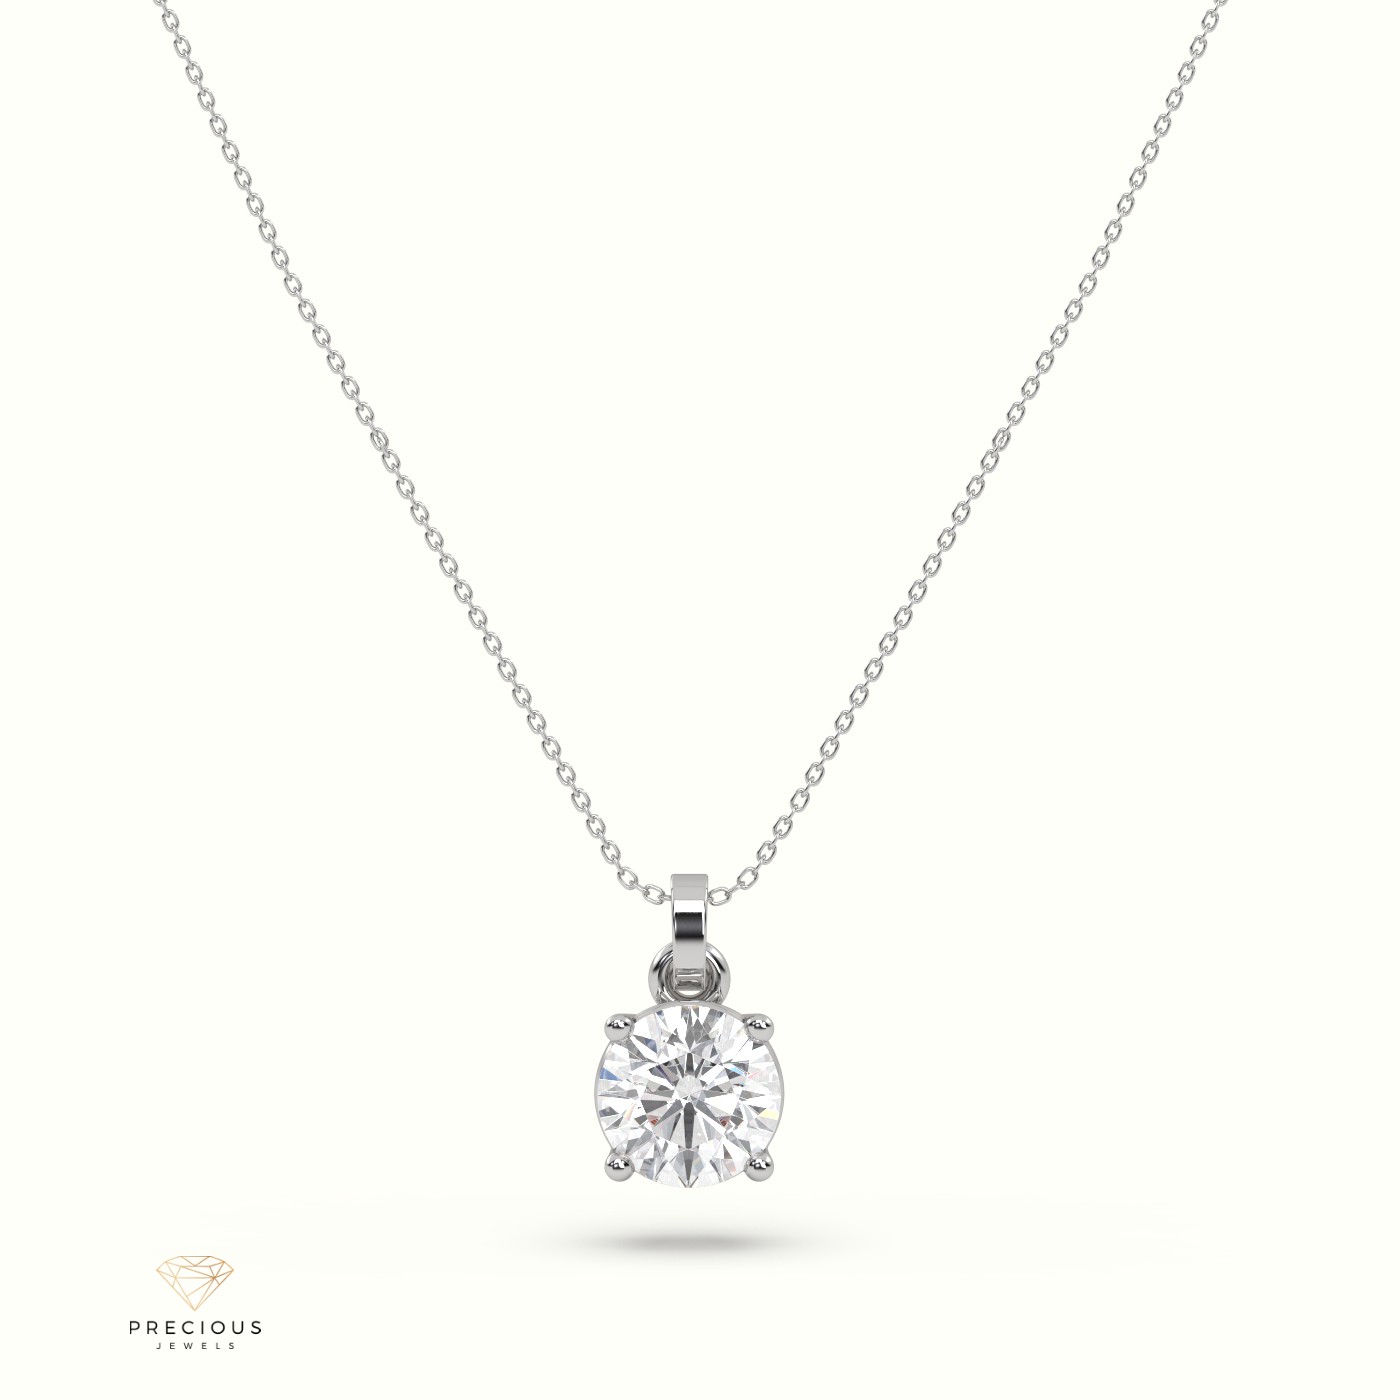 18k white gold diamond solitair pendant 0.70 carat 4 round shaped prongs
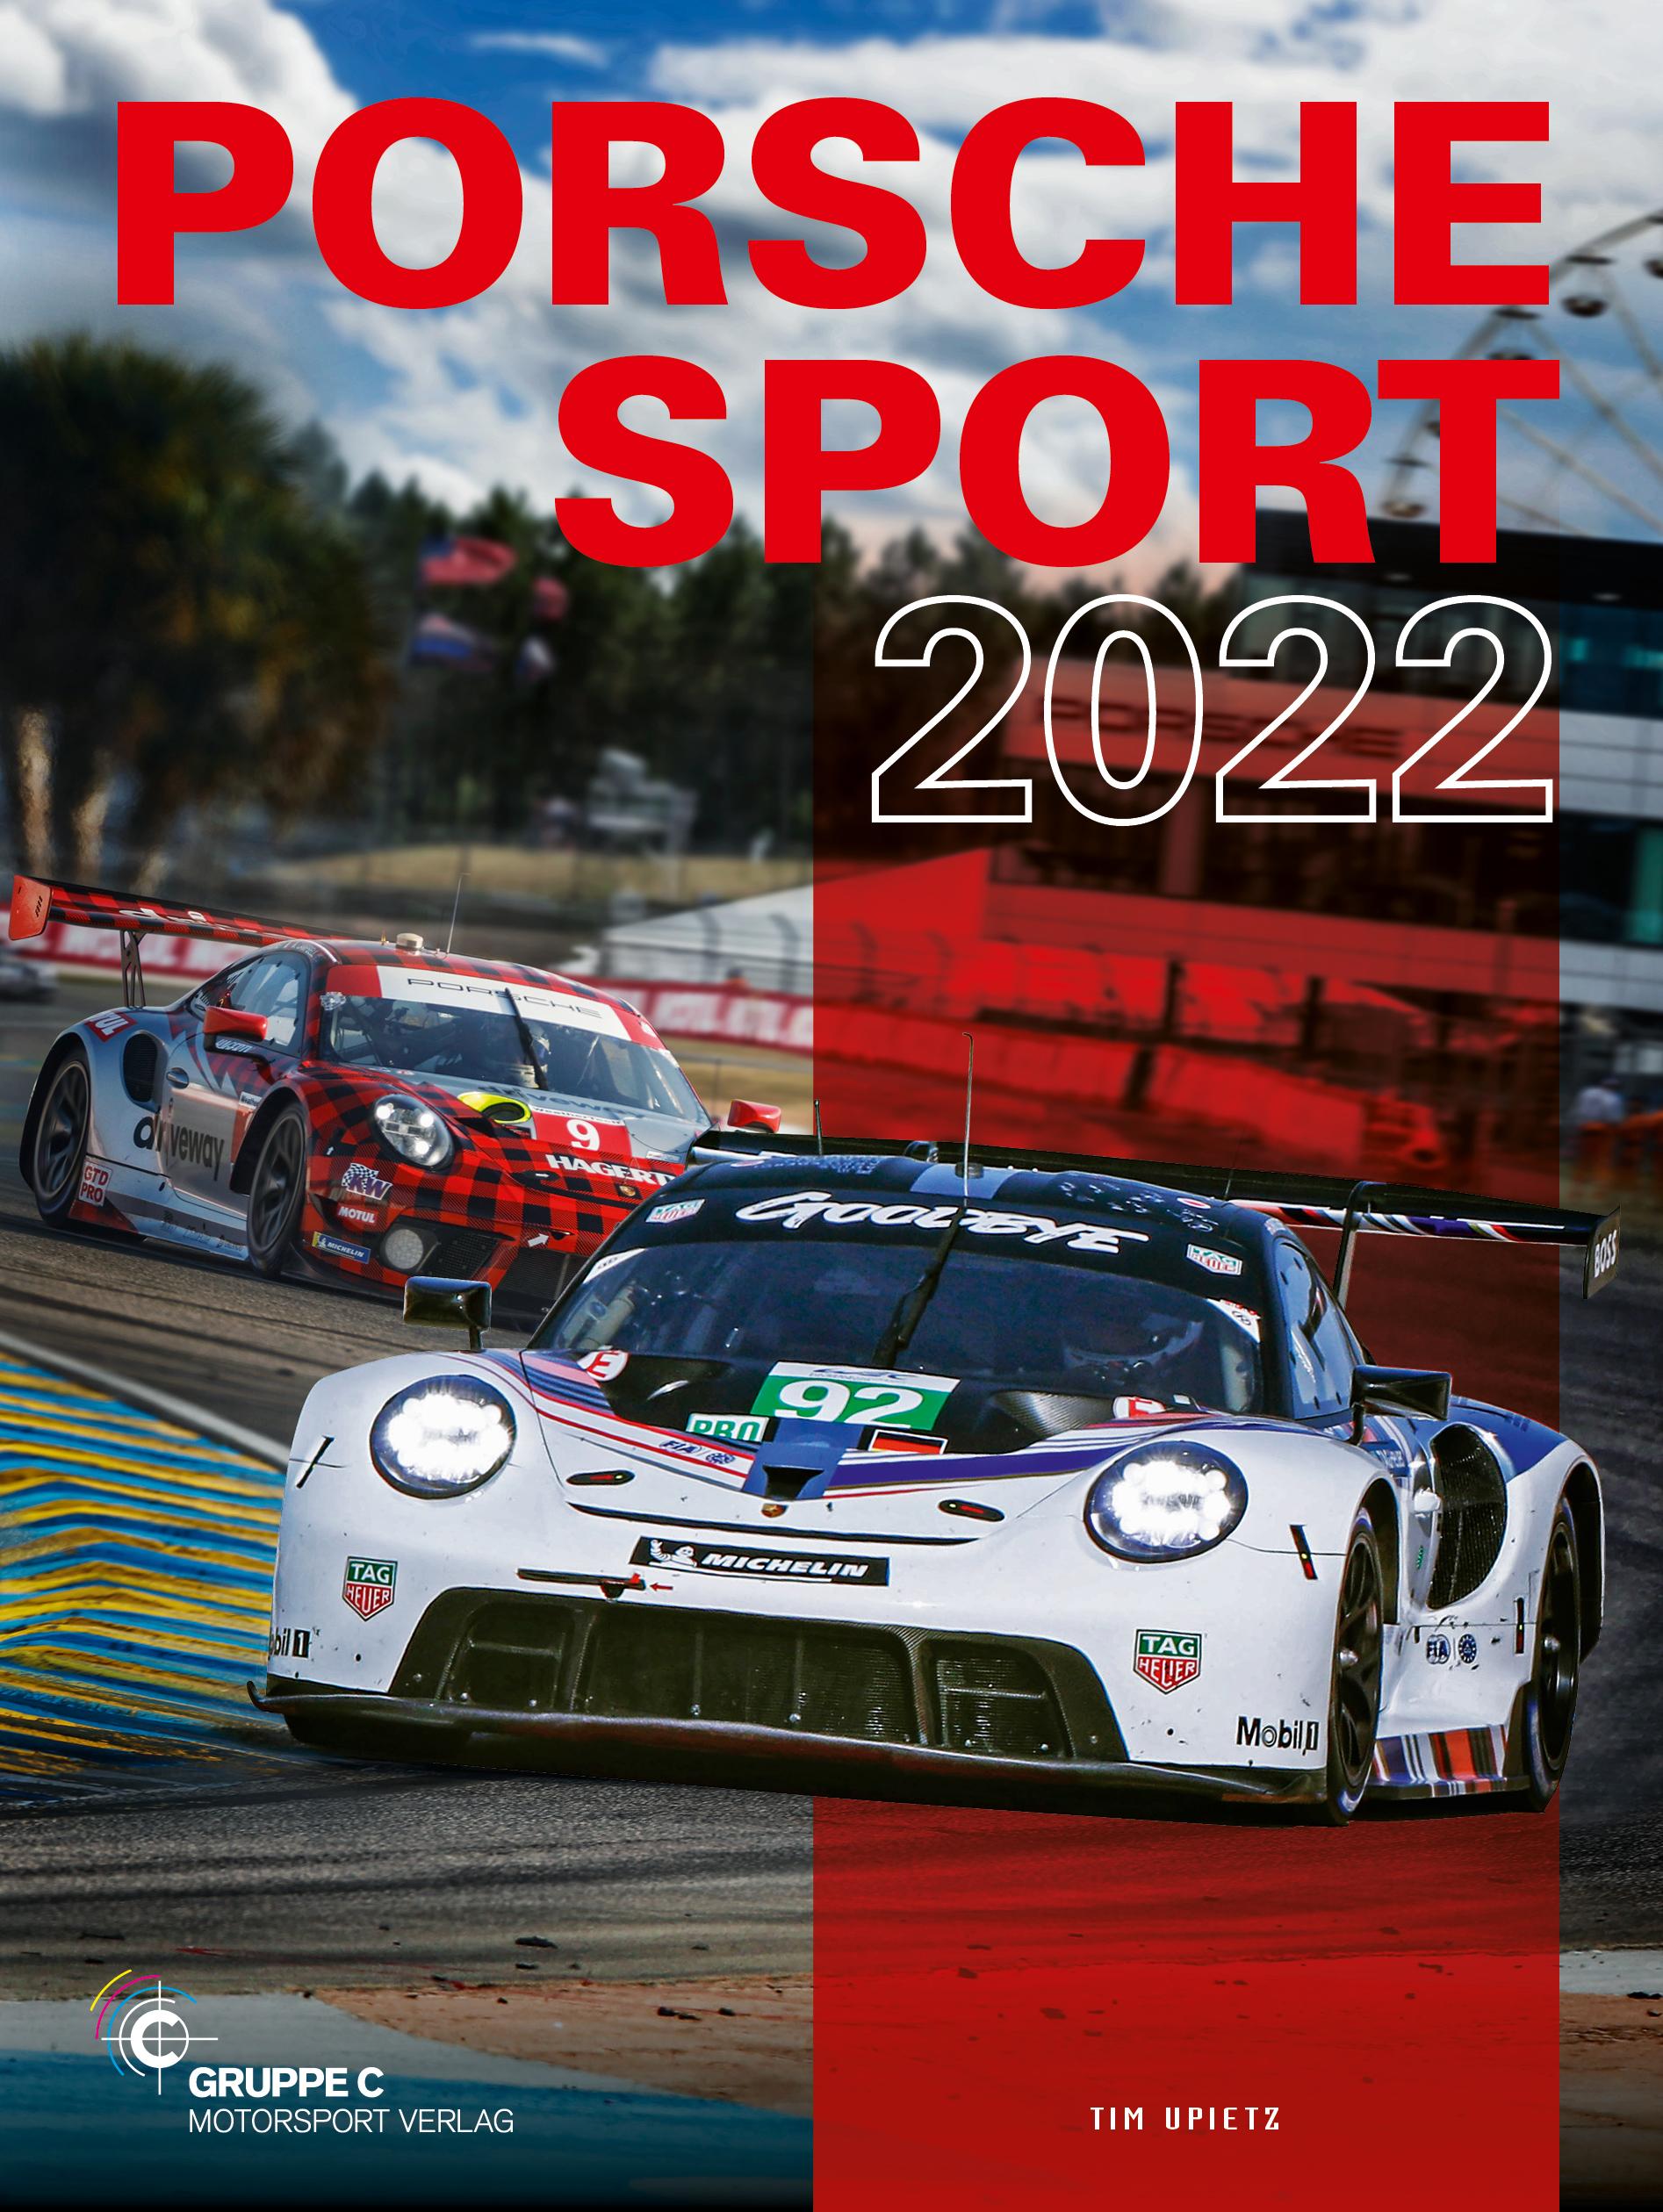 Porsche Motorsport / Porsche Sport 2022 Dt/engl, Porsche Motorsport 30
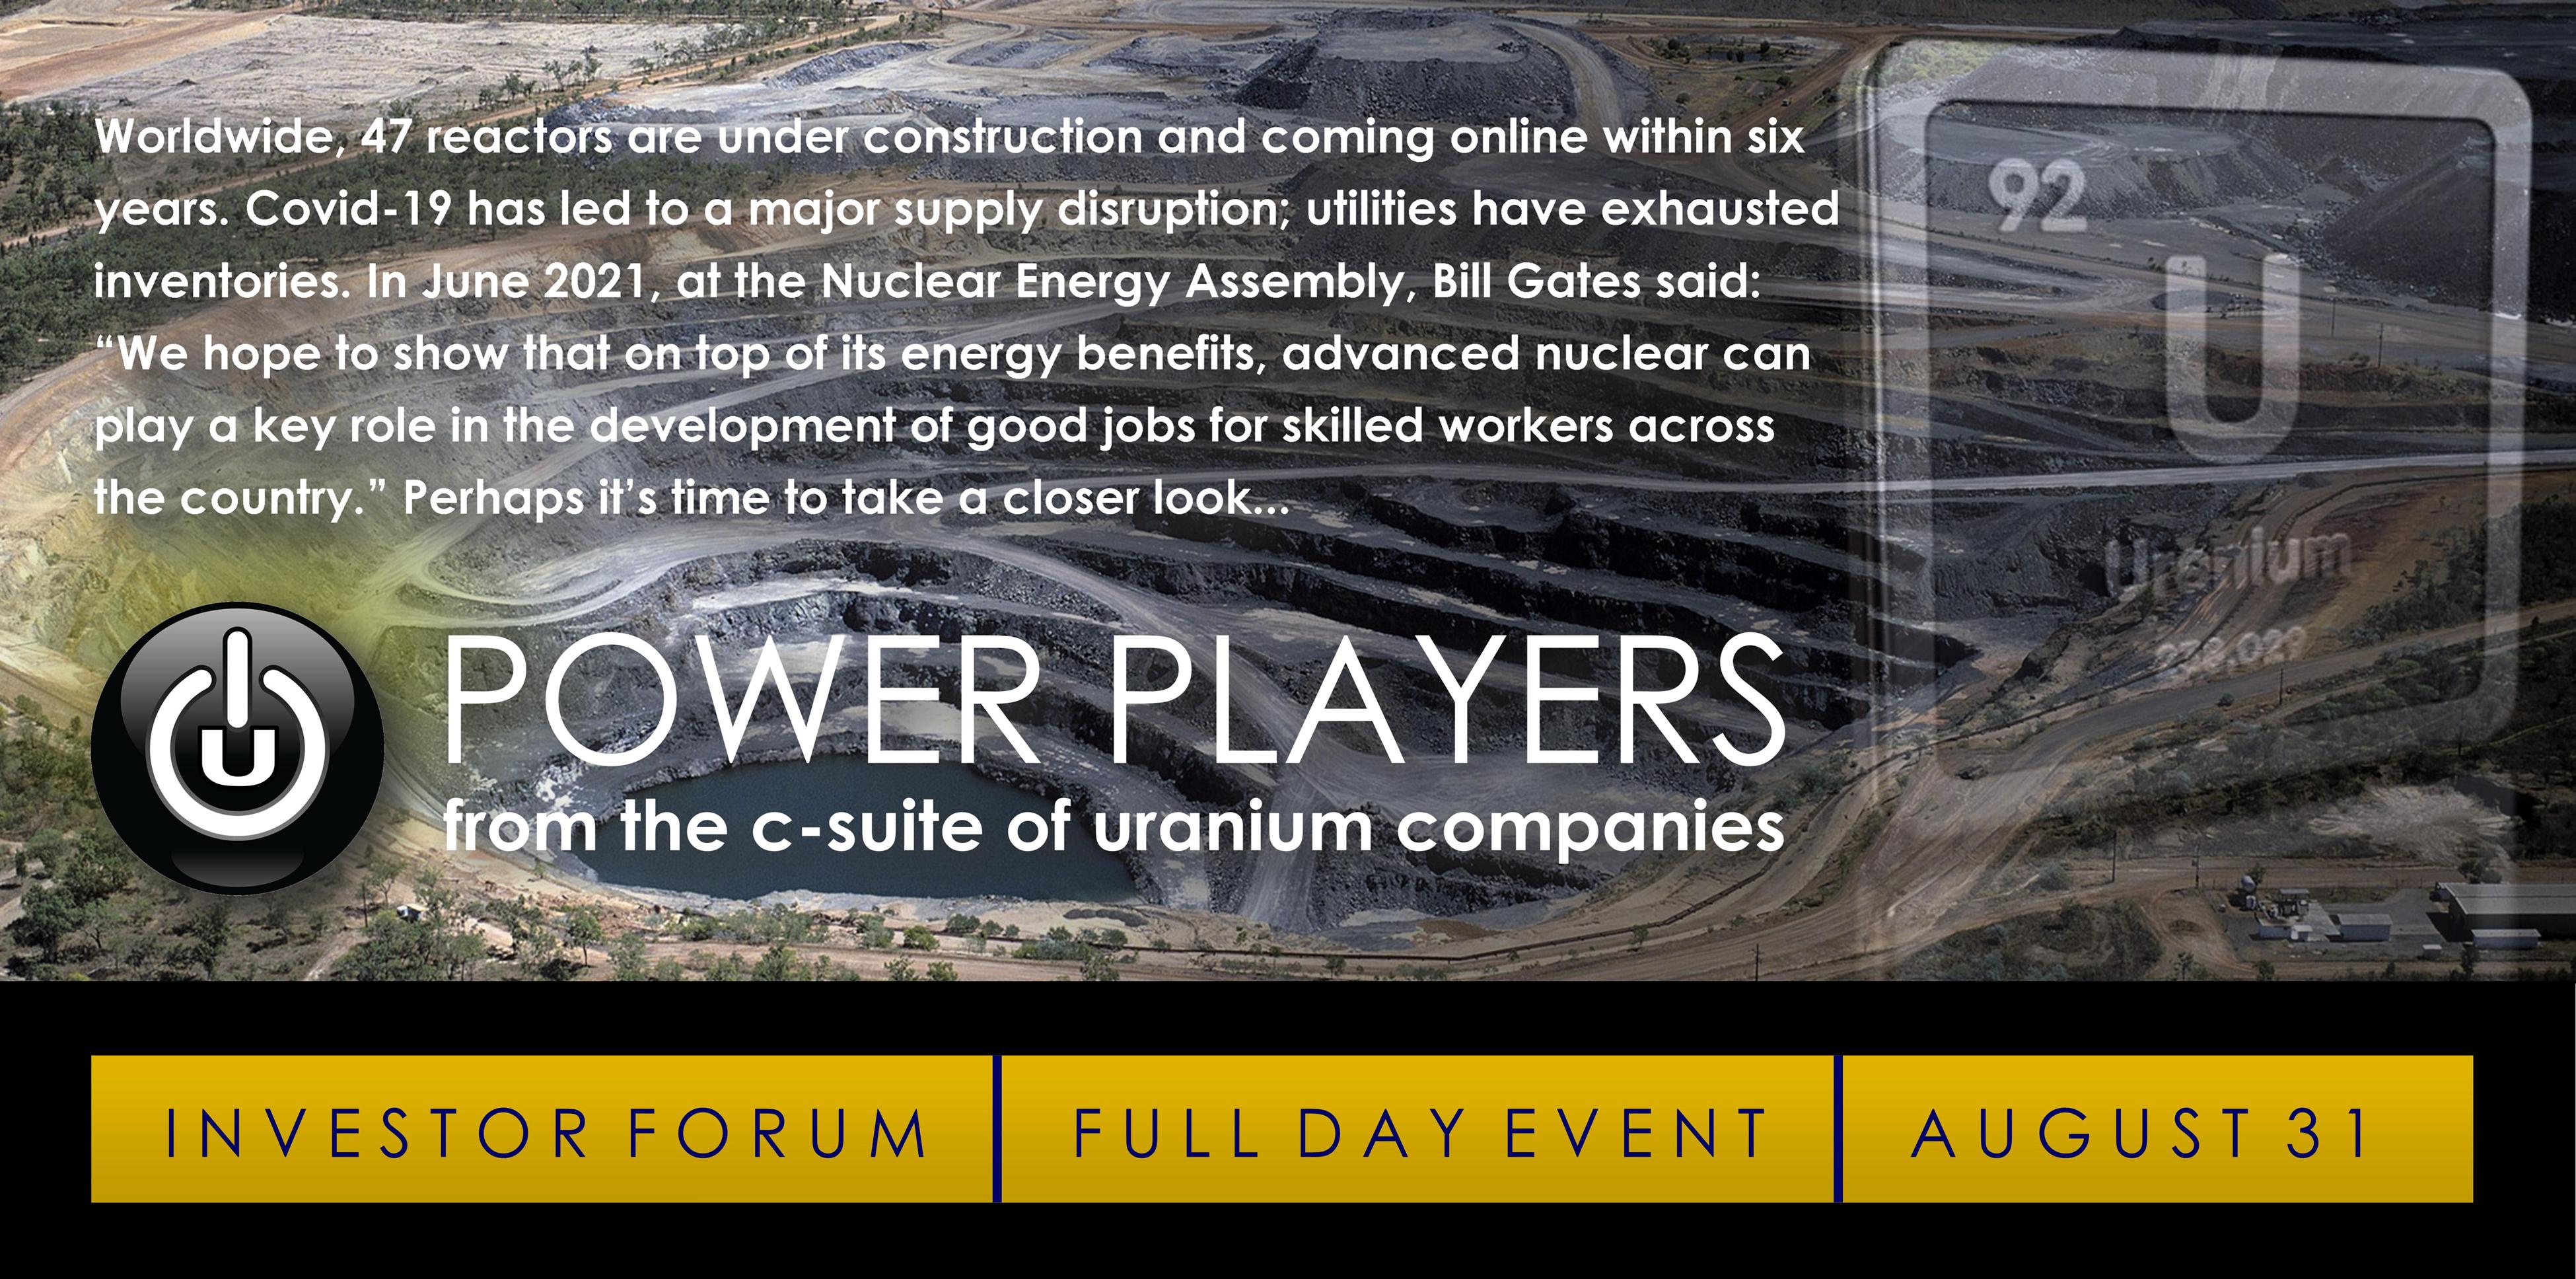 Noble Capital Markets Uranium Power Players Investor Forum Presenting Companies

........

Print the listing exactly, but skip its pictures.

# [WORKED SOLUTION]
 18k white gold diamond solitair pendant 0.70 carat 4 round shaped prongs
 Porsche Motorsport / Porsche Sport 2022 Dt/engl, Porsche Motorsport 30
 Noble Capital Markets Uranium Power Players Investor Forum Presenting Companies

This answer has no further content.